MGM spent sixteen months negotiating with Coppola, beginning in the weeks before Apocalypse Now debuted at the Cannes Film Festival in May 1979. By August 1980, a year after his epic had opened as a blockbuster in the U.S., MGM reached terms with Coppola’s company Zoetrope Studios for him to rewrite and direct One From the Heart. The experience of surviving Apocalypse Now suggested to the director that there had to be an easier way of making movies. The tried and true method had been perfected in Hollywood in the early 20th century: factory assembly on soundstages, where light, sound and weather could be controlled, and a repertory company of actors under contract could be plugged into the next production. Coppola also drew inspiration from his contribution to Jerry Brown’s bid against President Jimmy Carter in the 1980 Democratic primary. Rather than campaign ads, Coppola directed a live, half-hour television event from Madison that aired before voters went to the polls in Wisconsin. Coppola’s production stumbled over its technical limitations and didn’t help Brown to victory, but the director was all in on what he saw as a communications revolution on the horizon.
In late 1979, Coppola had completed the purchase of Hollywood General Studios, a 7-acre facility on Santa Monica Blvd./ Las Palmas Ave. The studio was where the first two seasons of I Love Lucy had been taped, from 1951-1953, and later, all of producer Paul Hennings’ classic sitcoms: The Beverly Hillbillies, Petticoat Junction, Green Acres. When Coppola arrived at the studio for a tour, all nine soundstages sat empty, and by the time he’d walked the property, he’d made up his mind to buy it, moving his operation from the Bay Area to L.A. The Los Angeles Times reported the sales price for what Coppola renamed Zoetrope Studios to be $6.7 million. Whatever the industry gossip over the next couple of years, no one would accuse Coppola of lacking imagination. He’d realize a few of his ideas. A father of three, Coppola opened the studio to children, who under minimum supervision could wander anywhere or talk to anyone, including the stars. On the opposite end of the spectrum, he added “directors emeritus” like Michael Powell and Jean-Luc Godard to the payroll as mentors. Coppola wanted to hire understudies for each of the six primary roles in One From the Heart and shoot the entire movie on video with them to see how it might cut together. When the Screen Actors’ Guild mandated Coppola’s video actors be paid the same rates as his screen actors, the director scrapped his idea but kept the understudies on as stand-ins. He made an exception for Rebecca de Mornay, Nastassia Kinski’s understudy. Coppola put de Mornay in a restaurant scene as a diner, and giving her a line, secured her union membership in SAG.

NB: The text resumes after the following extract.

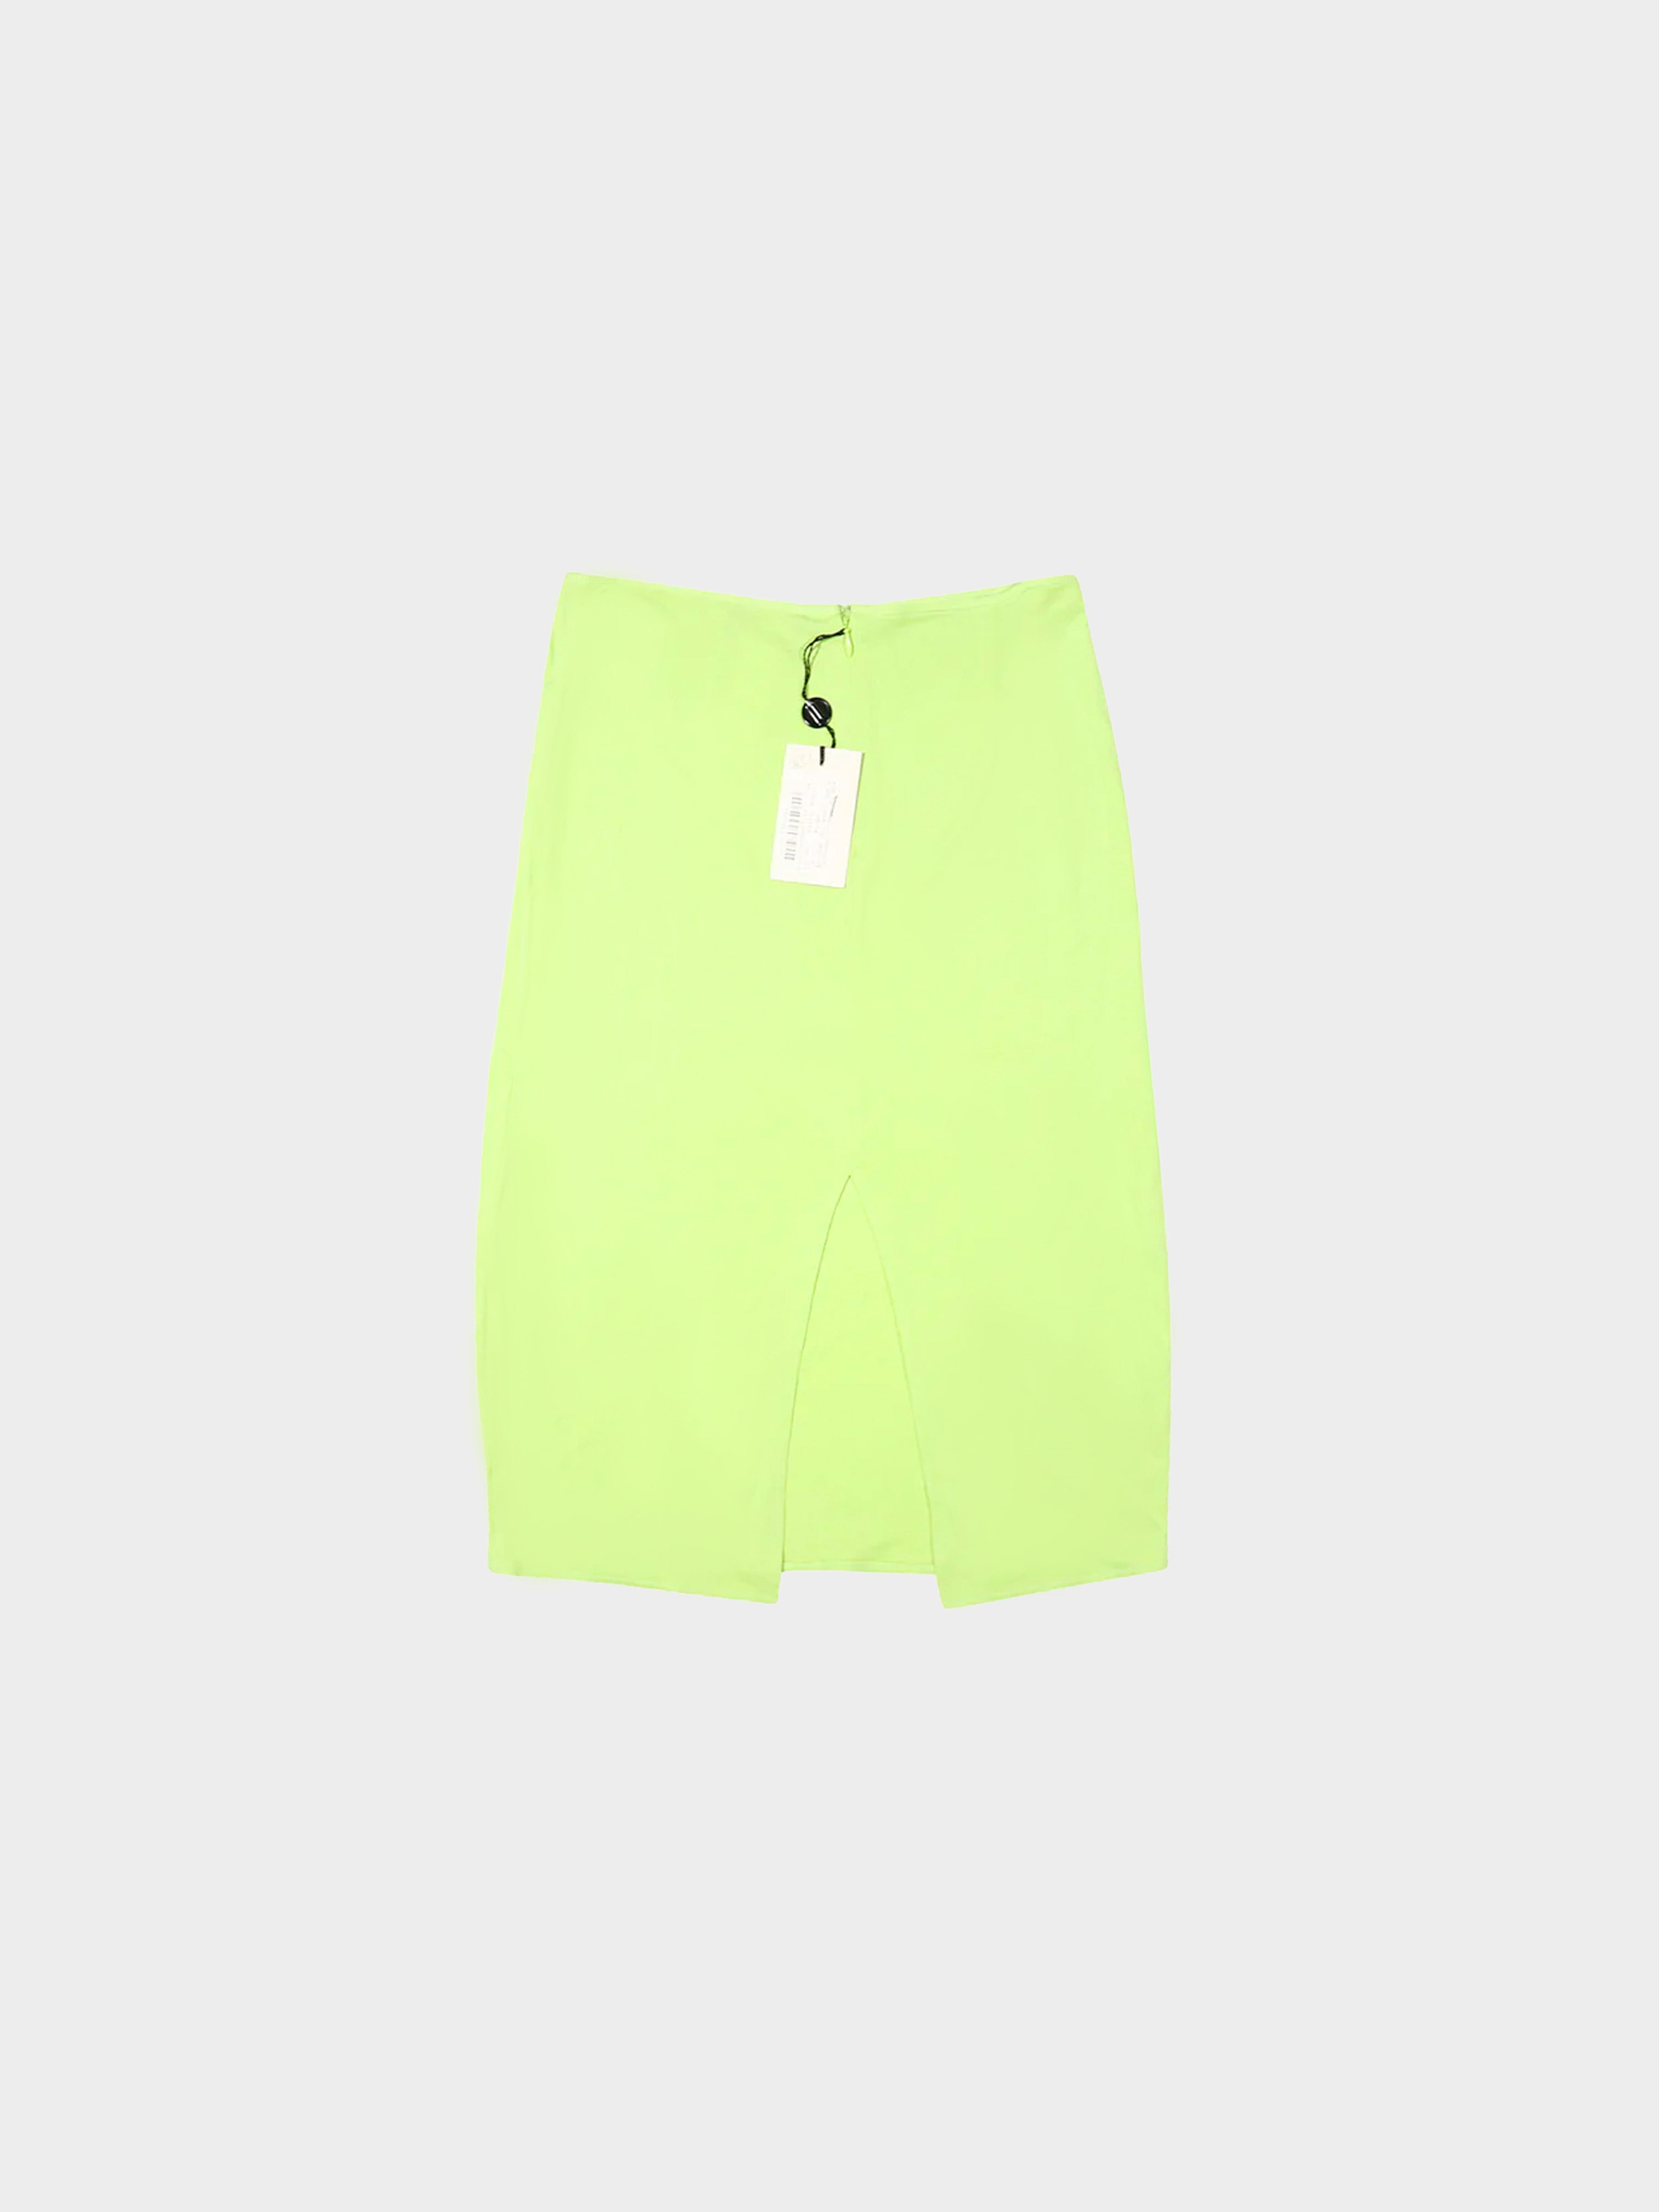 Gianni Versace SS 1998 Neon Green Skirt

Coppola issued a vast array of proclamations. He envisioned nothing less than the first digital movie studio, what he referred to as “electronic cinema,” with digital cameras, digital editing, digital projectors, and a network of Xerox Star computers connecting his soundstages. At a press conference convened at Zoetrope and covered by Lee Grant for an article in the Los Angeles Times on February 6, 1981, Coppola explained, “You can make computers do whatever you want them to do. We are on the eve of a totally wonderful world of moviemaking — art and entertainment becoming so easy and inexpensive it can’t help but influence the world. I believe the only way a modern motion picture company can avoid becoming makers of Styrofoam, packages off the line, is to stay at the vanguard of industry … we should master it.” He envisioned his electronic cinema producing twelve modestly budgeted Zoetrope pictures per year.
Coppola heralded a four-day work week, Fridays reserved for Zoetrope employees and their families to utilize the studio for whatever projects they wanted. He’d open a Zoetrope restaurant where employees and their families would dine for free. His prototype film production for these grand designs would be One From the Heart. In August 1980, actors Frederic Forrest, Teri Garr and Raul Julia were announced for what the press reported to be an “adult fable.” Coppola had zero interest in making a formula romantic comedy, picturing what he described to Rolling Stone as “a kind of Kabuki play set in Las Vegas.” He altered enough of the script for the Writer’s Guild of America to award screenplay credit to Armyan Bernstein and Francis Coppola, story credit to Bernstein. Rather than submitting his changes to MGM for approval or asking them to sign off on anything, Coppola leapt into pre-production, commencing rehearsals atop the Kit Kat Club, a burlesque-themed music venue across the street from Zoetrope. To neutralize MGM’s creative input into his film, Coppola negotiated the purchase of Armyan Bernstein’s script, ultimately giving up U.S. and Canadian distribution rights and a 20% equity stake to MGM. To produce, Coppola drafted Gray Frederickson, a former Paramount production executive he’d first worked with on The Godfather, and Fred Roos, promoted from co-producer of Coppola’s last three masterworks.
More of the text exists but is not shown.